**** Available data

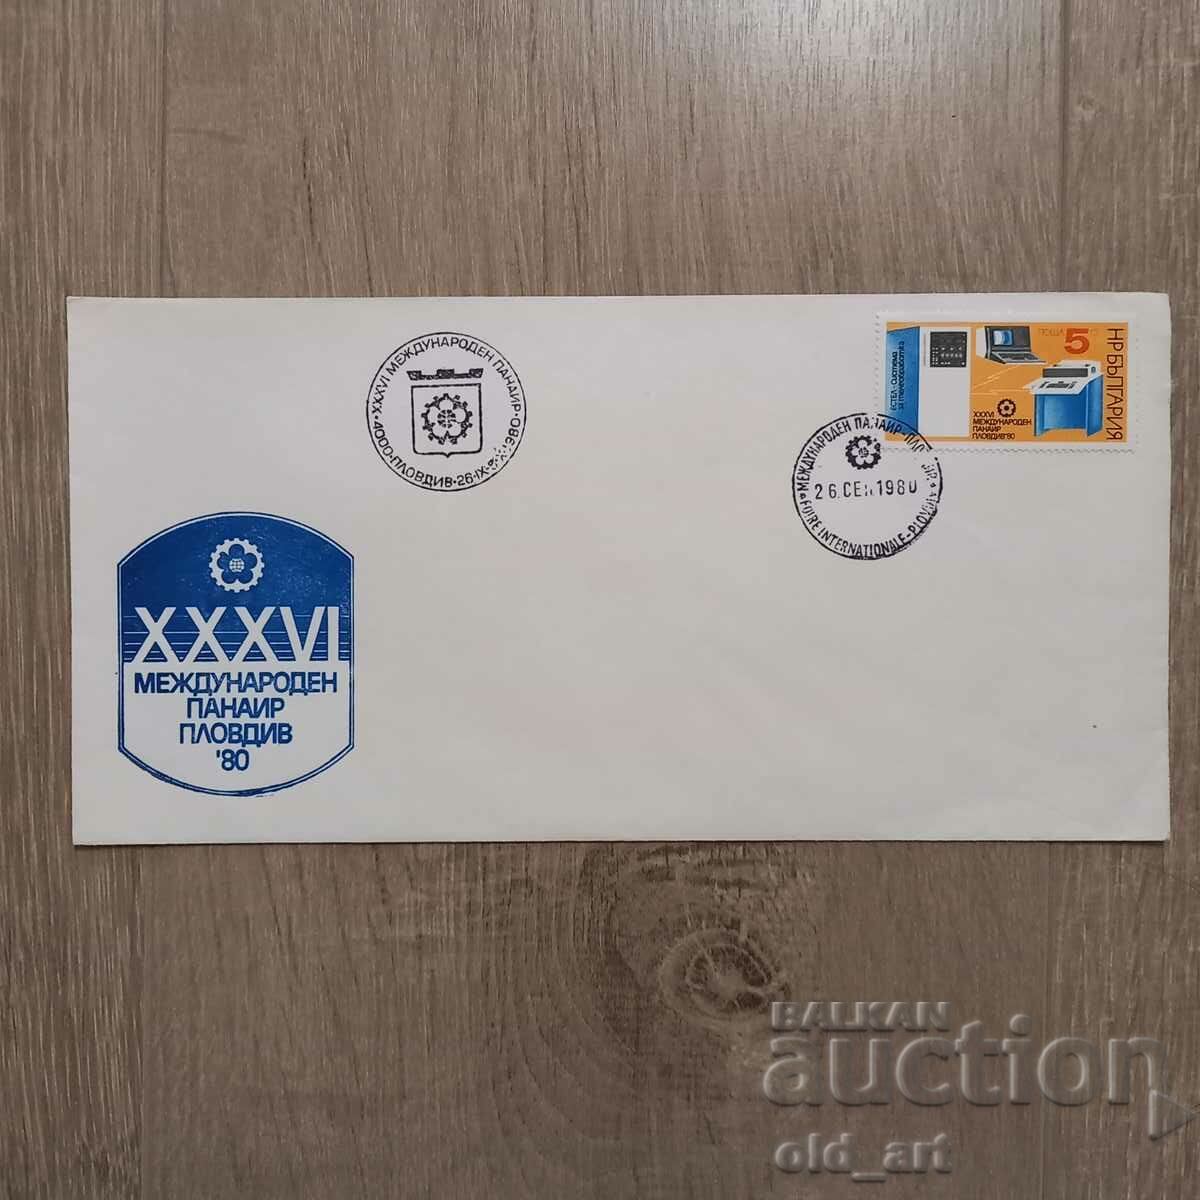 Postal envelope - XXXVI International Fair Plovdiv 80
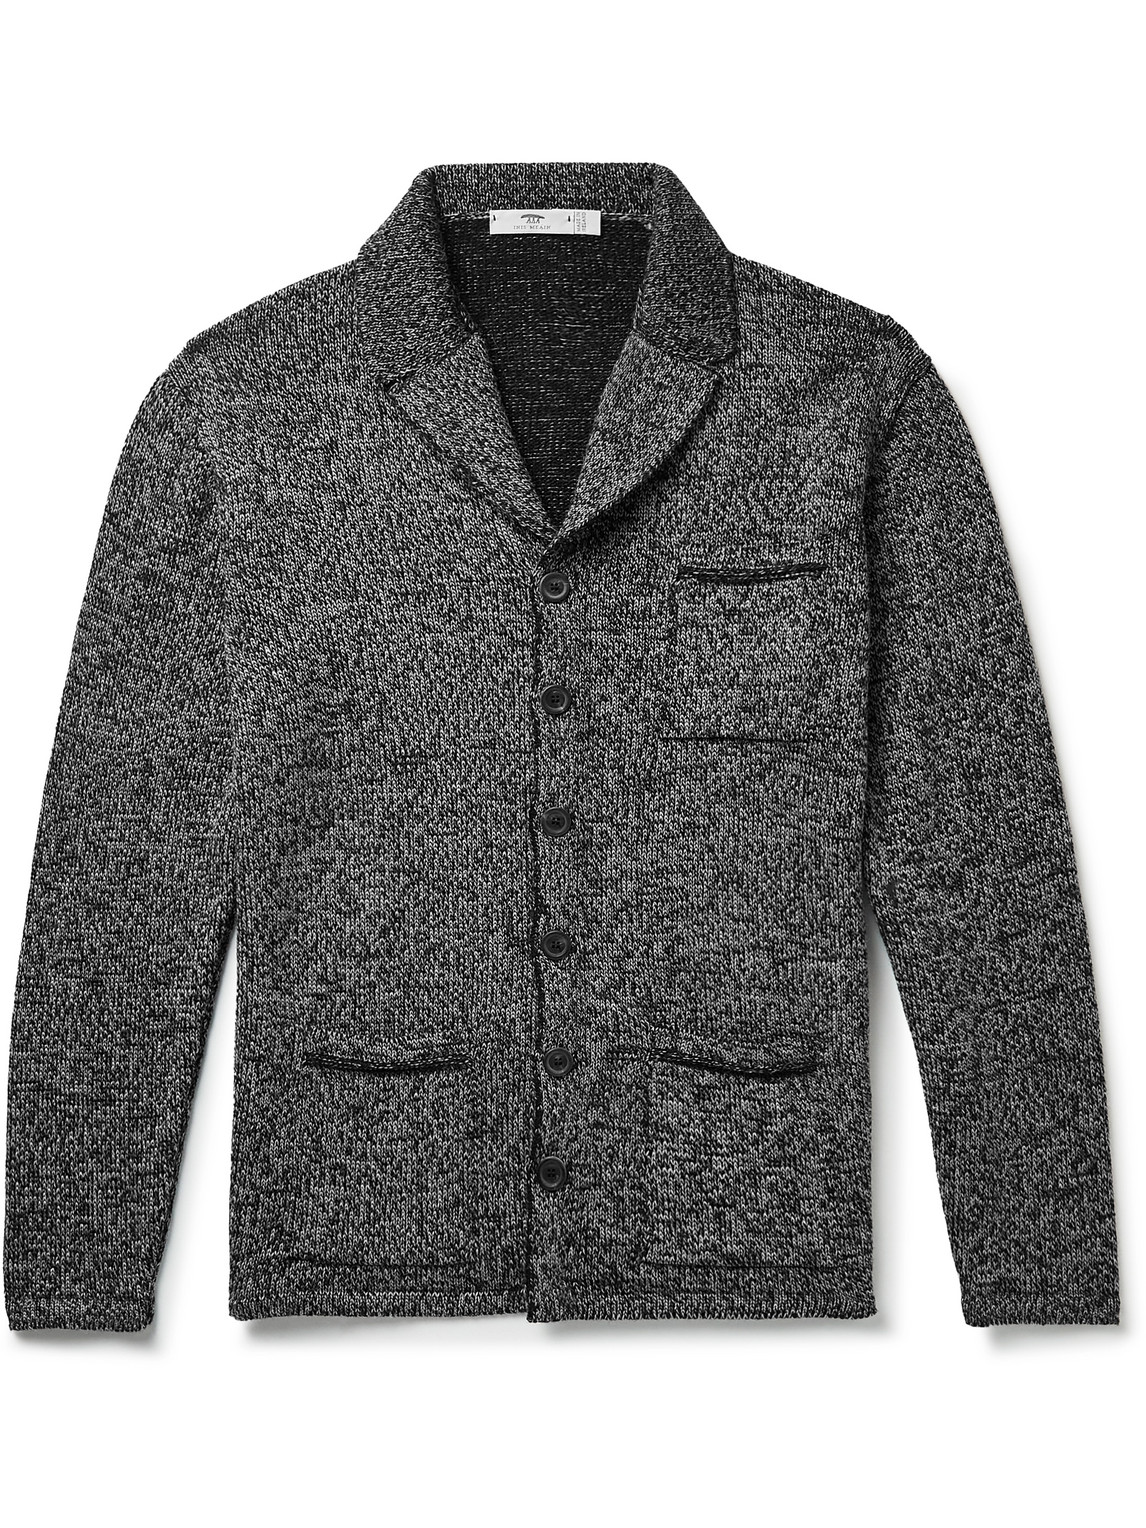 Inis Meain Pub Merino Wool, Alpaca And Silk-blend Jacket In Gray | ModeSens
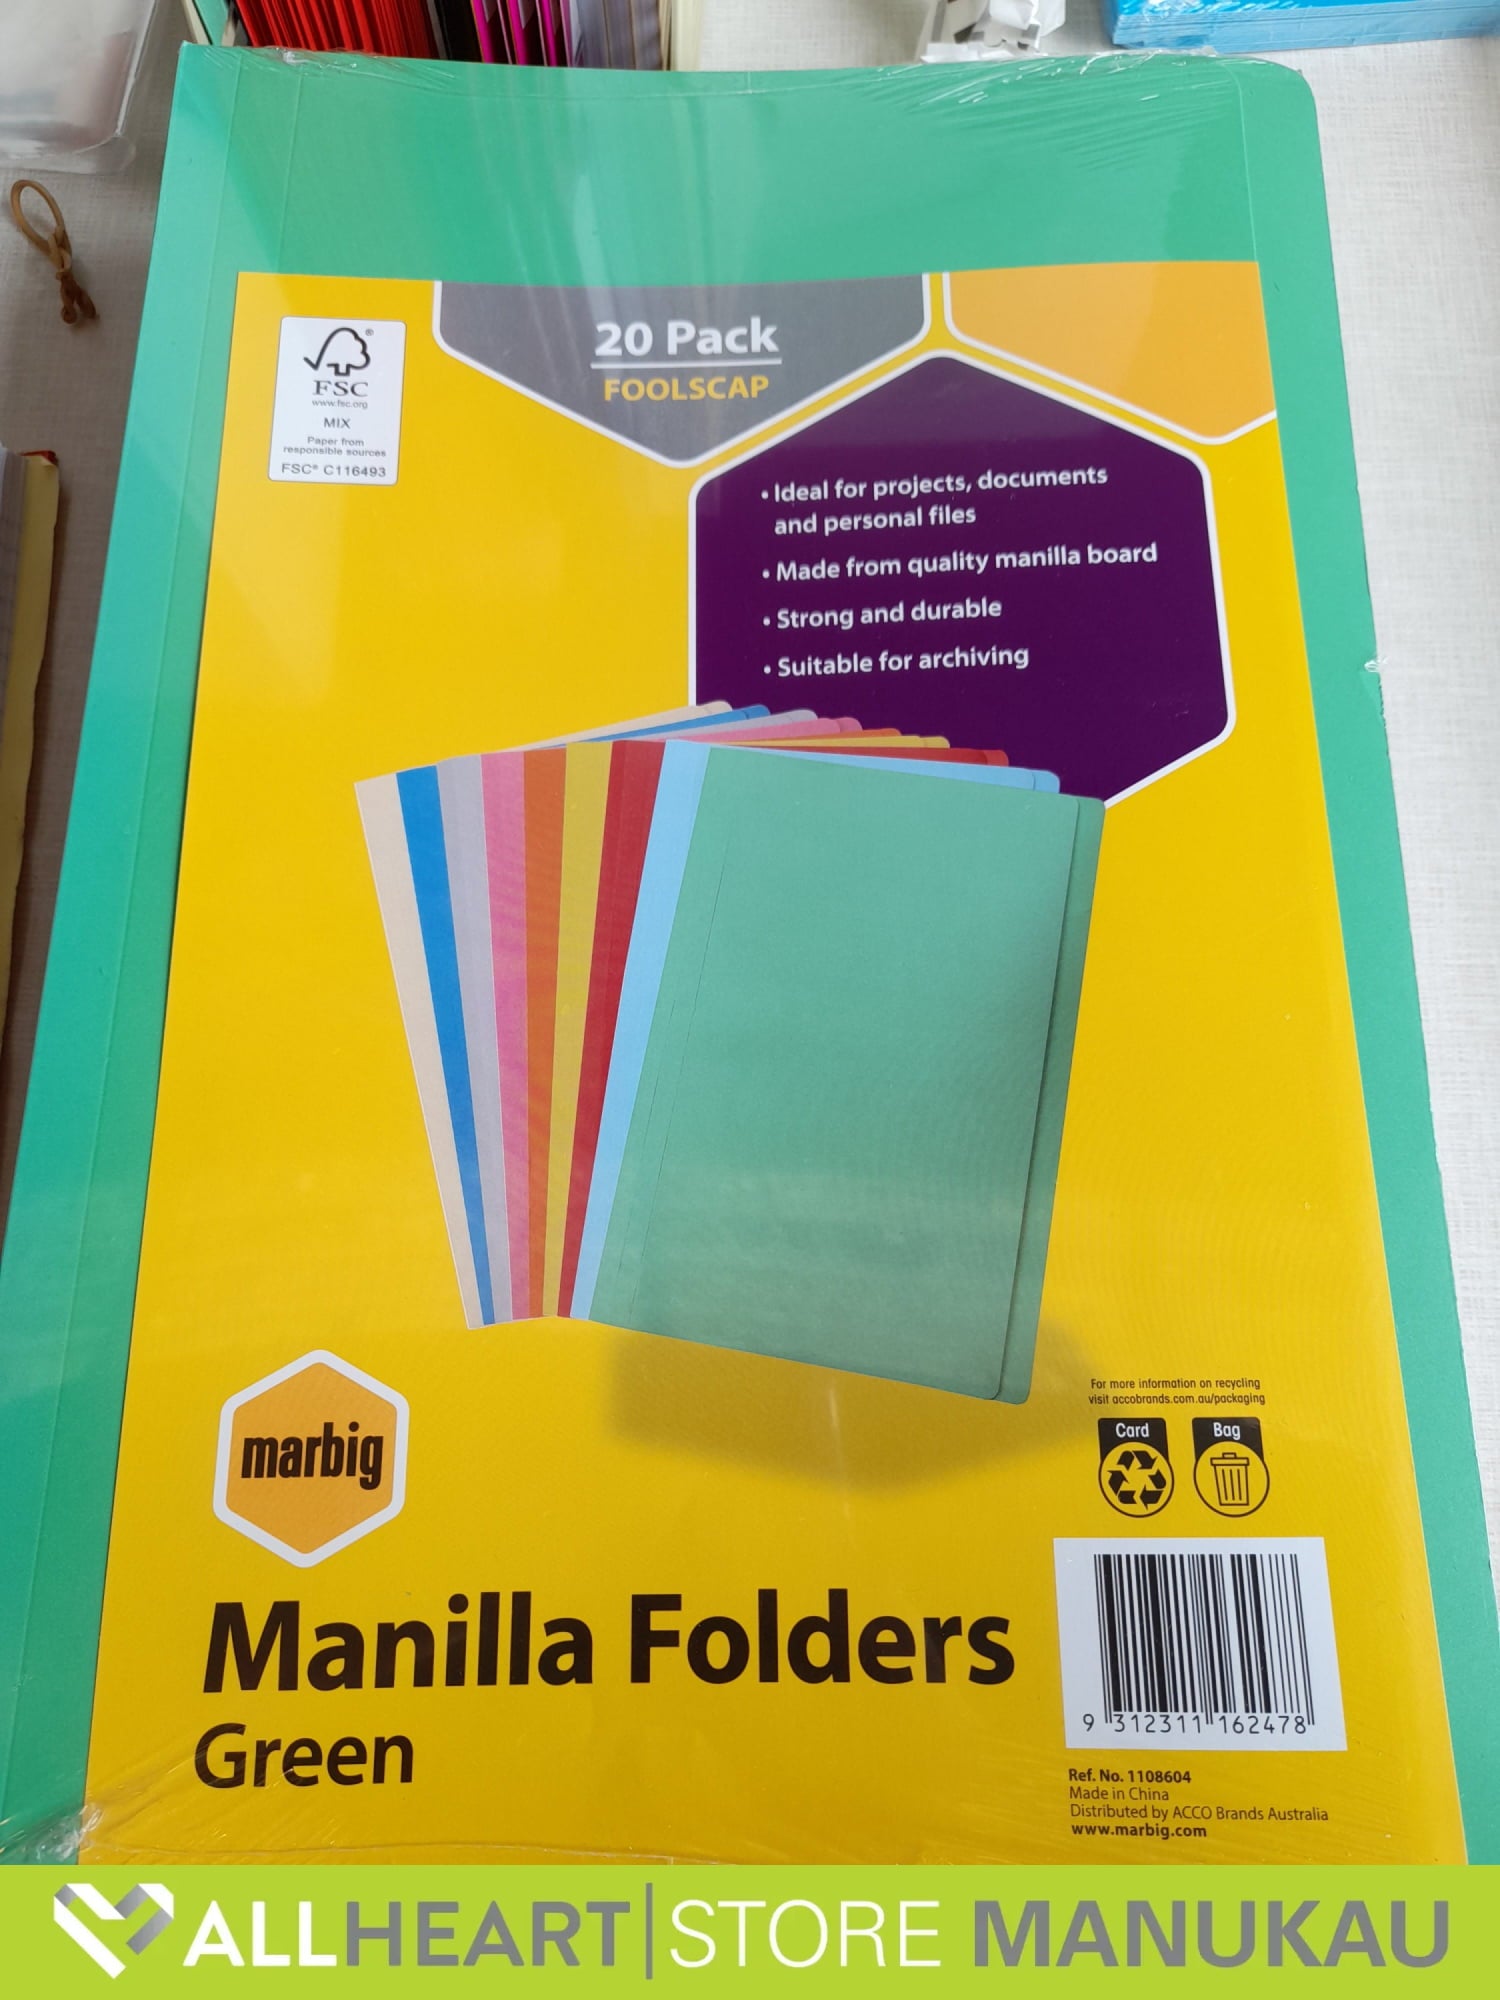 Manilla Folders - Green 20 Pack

********

*What is needed*.
The data is to be printed again exactly, but without its pictures.

*Reply*.
 Postal envelope - XXXVI International Fair Plovdiv 80
 Inis Meain Pub Merino Wool, Alpaca And Silk-blend Jacket In Gray | ModeSens
 Manilla Folders - Green 20 Pack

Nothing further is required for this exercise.